Carola and I decided to have lunch at the Chateau one fine day. We went there, found our way to the café, and sat down. As we sat there, I was aware of heat coming from a source to the left of and behind Carola. As I looked at what I thought was the wall, I began to make out what it was; the massive kitchen cook stove of the Chateau from when it was a going concern. It was painted over with the same color as the rest of the room and almost indistinguishable. It had been cold for a very long time, not used for more than 180 years. Yet, as we sat there I felt the heat of it. Not that it was unbearable, it was tolerable heat but more than warmth; it was the heat of a cook stove.

Floods of visions went through my imagination, there were spectral figures bustling about, all on a culinary mission of some sort, and this went on for some time. Carola called me back to reality but in the background there was this frenetic activity all the while we were there. I didn’t feel threatened or even uncomfortable, as it was I felt quite at home there; as if I was supposed to be there.

This feeling of belonging wasn’t new to me; I’d felt it from the day I made the right turn out of the forest and voila! There was the Chateau du Chantilly staring me in the face. It was larger than life, an apparition. After that, I made that trip frequently, it was one of a variety of ways I could get home from work in Leplessis-Belleville, but this was the only time the Chateau loomed larger than life before me.

Then I could never be without knowing my way around the ville. Although the grounds of the Chateau were strange to me, I was not a stranger in the city and felt even more at home in the older parts than on Avenue de Montmorency where we lived. In the forest and at the Grand Ecuries, there was never a time that I felt in a strange place.

There have been other familiarities for me. One that was also strongly felt was on Maui in Hawaii. I went to a little whaling museum and it was the same type of experience as was Chantilly, especially when I read some authentic log entries and heard “Thar she blows!” with the inflection that was undoubtedly authentic. Then later that night, when walking down the main street of the little tourist trap, I had the feeling that I was there 150 years before and the crowd was not modern day tourists but ships’ crews making a night of it ashore.

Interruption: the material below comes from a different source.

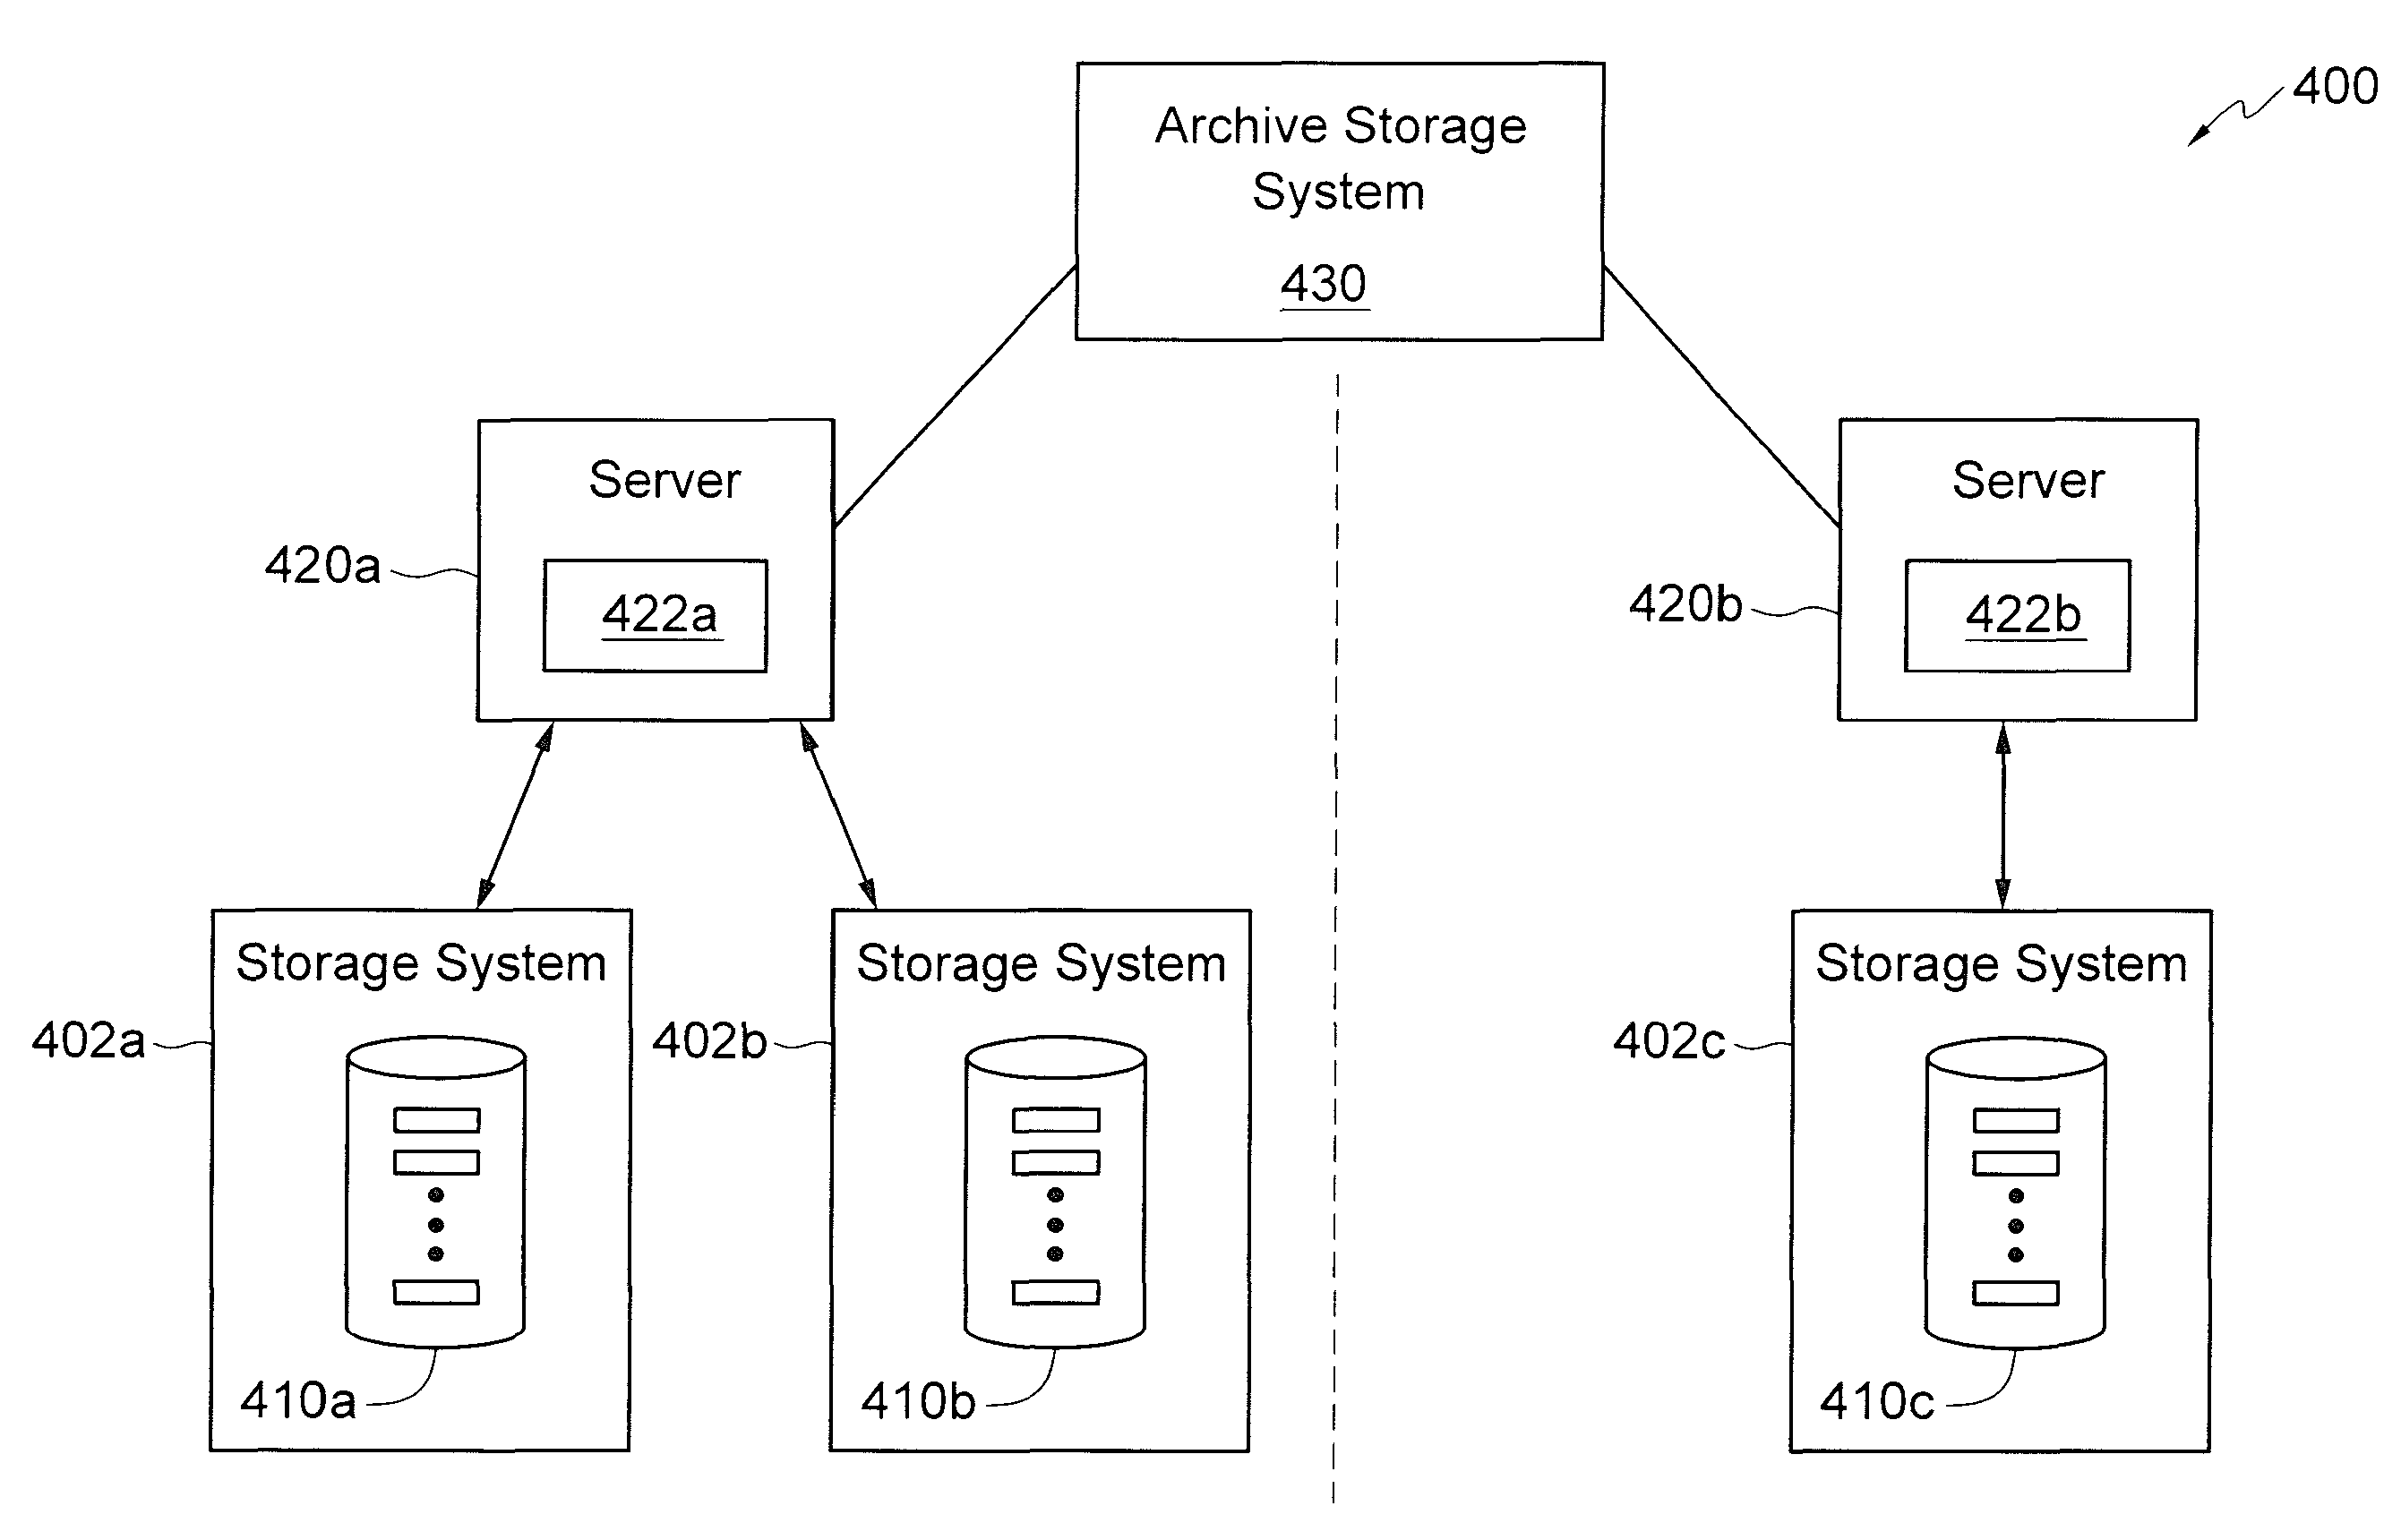 High-availability file archiving

The feeling was very strong.

I’ve been to hundreds of places throughout the world and have had these feelings only a few times. Others that I can recall as I sit here are: on the Great North Road at the Mount Pleasant Hotel near Doncaster in England, the roadside graves at a location in France on the way to St. Dizier, in Pompeii, at the Harbor in Sydney Australia, on the Newport News Point railroad dock at the foot of 23rd Street, sailing on the Chesapeake Bay off of Old Point Comfort, and generally in San Francisco to name most of them. One can see that the number is small by comparison to my travels. The Chantilly, Pompeii, and Maui experiences were the most significant, although the others were strong enough to get my attention. The question is; what’s going on?

One explanation was that these represent for me some previous existence/ lifetime but now I’m not so sure. Could it be that there are unfinished lifetimes hanging around out here waiting for a sympathetic being to allow them in for completion of a sort? I say hanging around because when I saw the roadside graveyard in France, I was aware of a group of soldiers sort of hanging around in a desultory fashion as if they had nowhere to go. I got the impression that they were lost in despair. So too could other unfinished lives be hanging around the vicinity of their untimely death and when a vulnerable or even cooperative Master chances by they can jump on and work their way to some sort of completion.

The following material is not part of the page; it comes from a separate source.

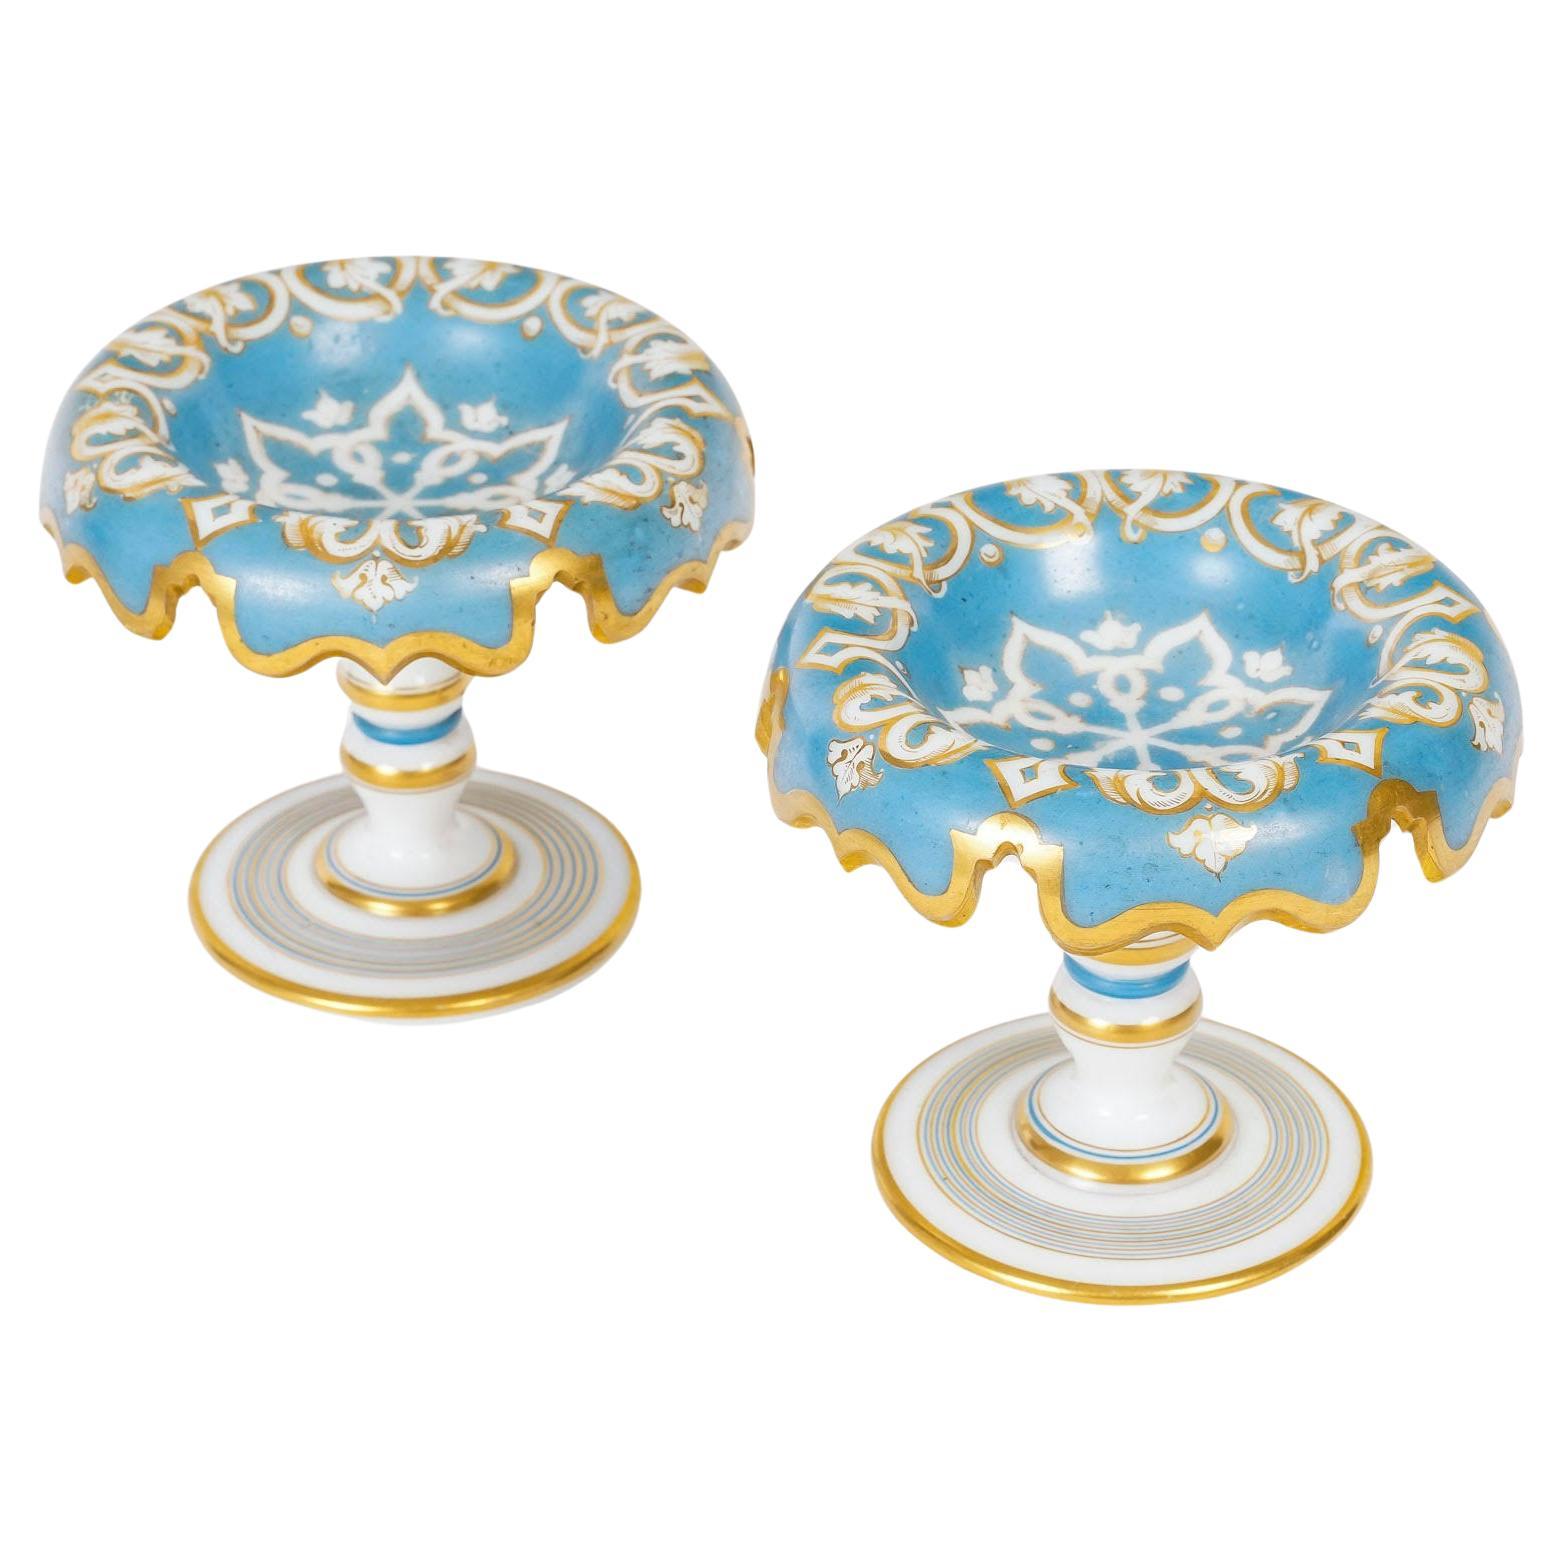 Pair of Blue and Gold Opaline Cups, 19th Century, Napoleon III Period. For Sale

Completion for me means permanency. That is to say the Master that inhabits this brain-body works to develop himself to the point that when the brain-body dies, he moves on to another higher plane of existence in the spiritual world. I don’t know if this is a possibility for all the brain-bodies I see walking about but I firmly believe it is for this one and for numerous others.

This Master seems to have more than a modicum of strength/power over this brain-body. He is confident in what he does and it is possible that there is room in here for more than one; i.e. the Chantilly cook may have hooked on and is here for the ride. I don’t feel like the others are. Yet the Master is going about his business of becoming permanent without regard to his little French friend or maybe in spite of or even in addition to him.

In order for an inhabitation to take place there may be some prerequisites. It would seem that there have to be some sympathetic qualities existing between the one needing a ride and the Master. How many of these hitch hikers can one Master abide? At some point the hitch hiker may opt to get off and anywhere along the line another might be picked up. Yet there is a Master working on permanency who may have inhabited this brain-body early on, or who at least is the strongest to have climbed aboard thus far. I am close to concluding that inhabitation can take place at any time during the brain-body lifetime and not necessarily inspiration at first breath as I have previously thought.